Ткнул он пальцем в дочь Валентины:
– Останется эта квартира! Не хило, да?
С завистью посмотрел он на девочку и пощелкал пальцами:
– Напомни, как бишь, тебя зовут?
– Это надо было узнать в первую очередь! – язвительно заметила девочка и присела в реверансе. – Разрешите представиться, Хавронья!
– Хавронья? – переспросил Налимов и покрутил головой. – Ну и ну! Как ты ее назвала?
Накинулся он на Валентину, но не получив ответа, махнул рукой:
– Впрочем, чего от тебя было ожидать!
И продолжил, возбужденно притоптывая:
– На медовый месяц мы съездим к моим родственникам, на Украину. Они славно кормят! У них свой дом, куры, свиньи.
– Свиньи? – спросила девочка, озорно подмигивая Налимову.
– Не перебивай, Хавронья, – категорично велел Налимов.
– Мою дочь Мариной зовут, – сухо заметила Валентина, – и как ты собираешься жениться, если сегодня меня даже с днем рождения не поздравил?
– А у тебя день рождения? – с воодушевлением воскликнул Налимов. – Что же ты не сказала?!
– Я должен купить тебе подарок, говори, в чем ты нуждаешься?
И Налимов пустился в долгие объяснения о том, как ему дарят ненужные подарки, и он просто вынужден эти самые подарки передаривать.
– А вы подарите ей кастрюлю! – съязвила Марина.
– Хорошо, – и Налимов, не заметив язвительного тона девочки, выскочил за дверь.
В гипермаркете он с удивлением обнаружил, что качественные кастрюли стоили довольно дорого, дешевые же покупать ему было как-то неудобно, что о нем подумает невеста.

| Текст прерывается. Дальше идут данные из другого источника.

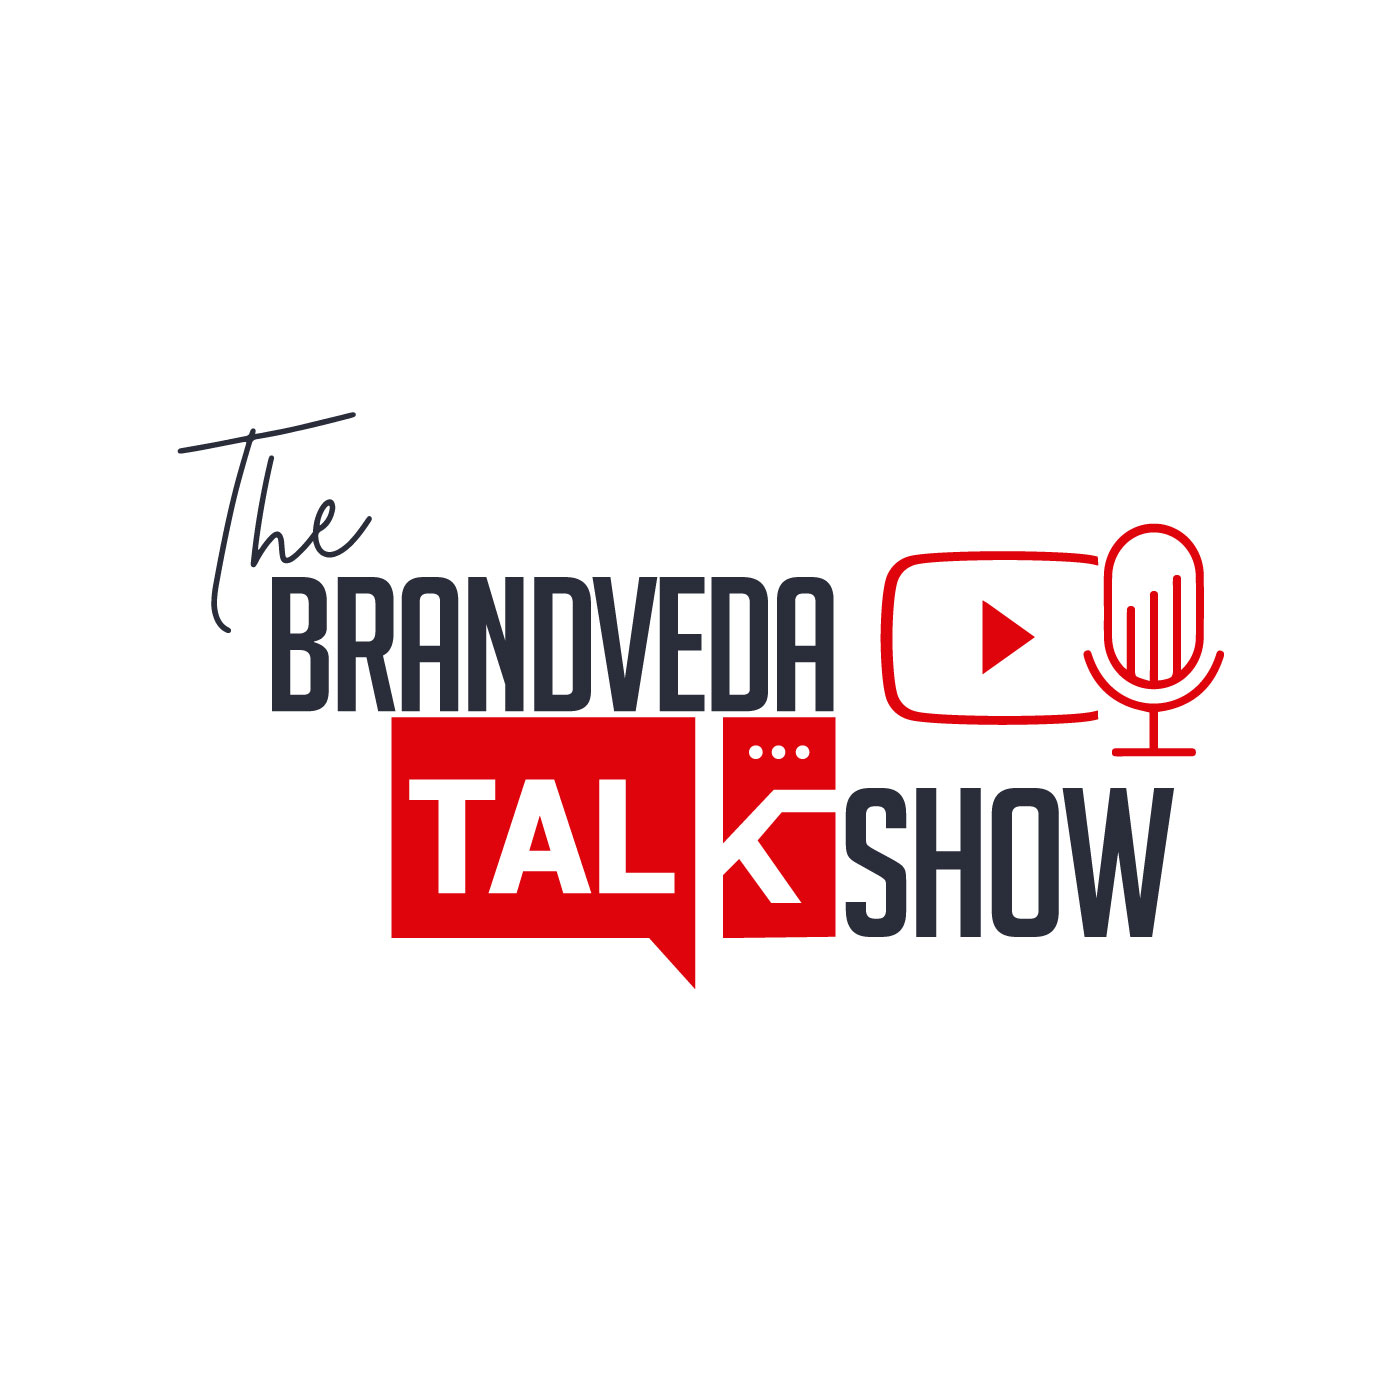 The Brandveda Talkshow | Podcast for Digital Marketing Insights and Metrics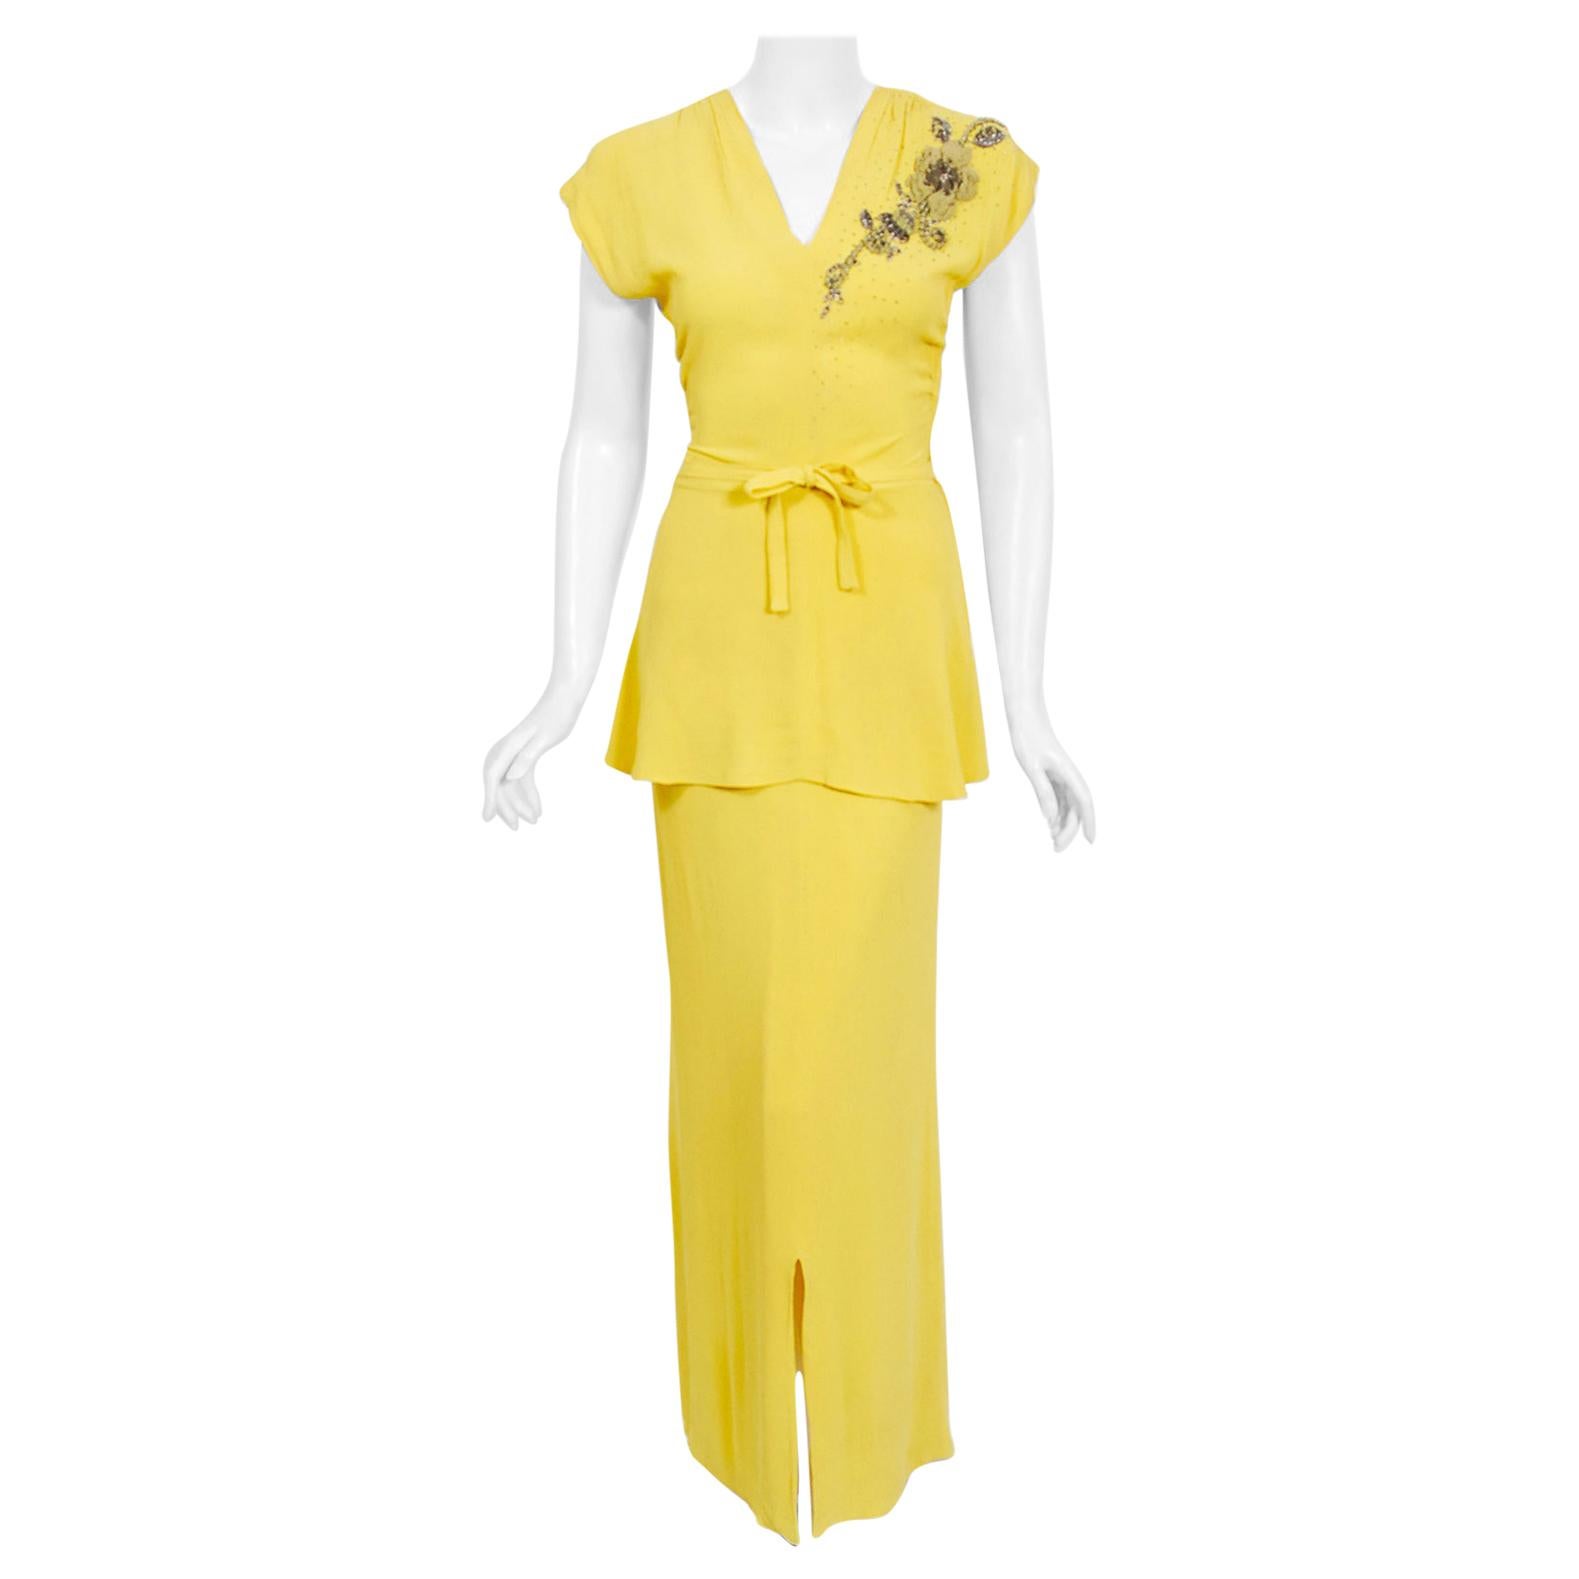 yves saint laurent evening dress of bright pink and lemon yellow silk crepe

И рассудив разумно, Валентин Михайлович купил торт и бутылку шампанского.
– А где кастрюля? – сразу же спросила Марина. – О, и торт йогуртовый, мама такие терпеть не может, а шампанское, конечно же, кислое!
На что Налимов не ответил, а одарив девочку злобным взглядом, заметил, сквозь зубы:
– А все-таки, это подарки!
И расплывшись в льстивой улыбке, направился к Валентине.
Но не успел и пары слов сказать, как она указала ему на дверь:
– Уходи!
– Как понять? – растерялся Налимов.
– Уходи, пожалуйста, и больше не приходи! – настаивала Валентина.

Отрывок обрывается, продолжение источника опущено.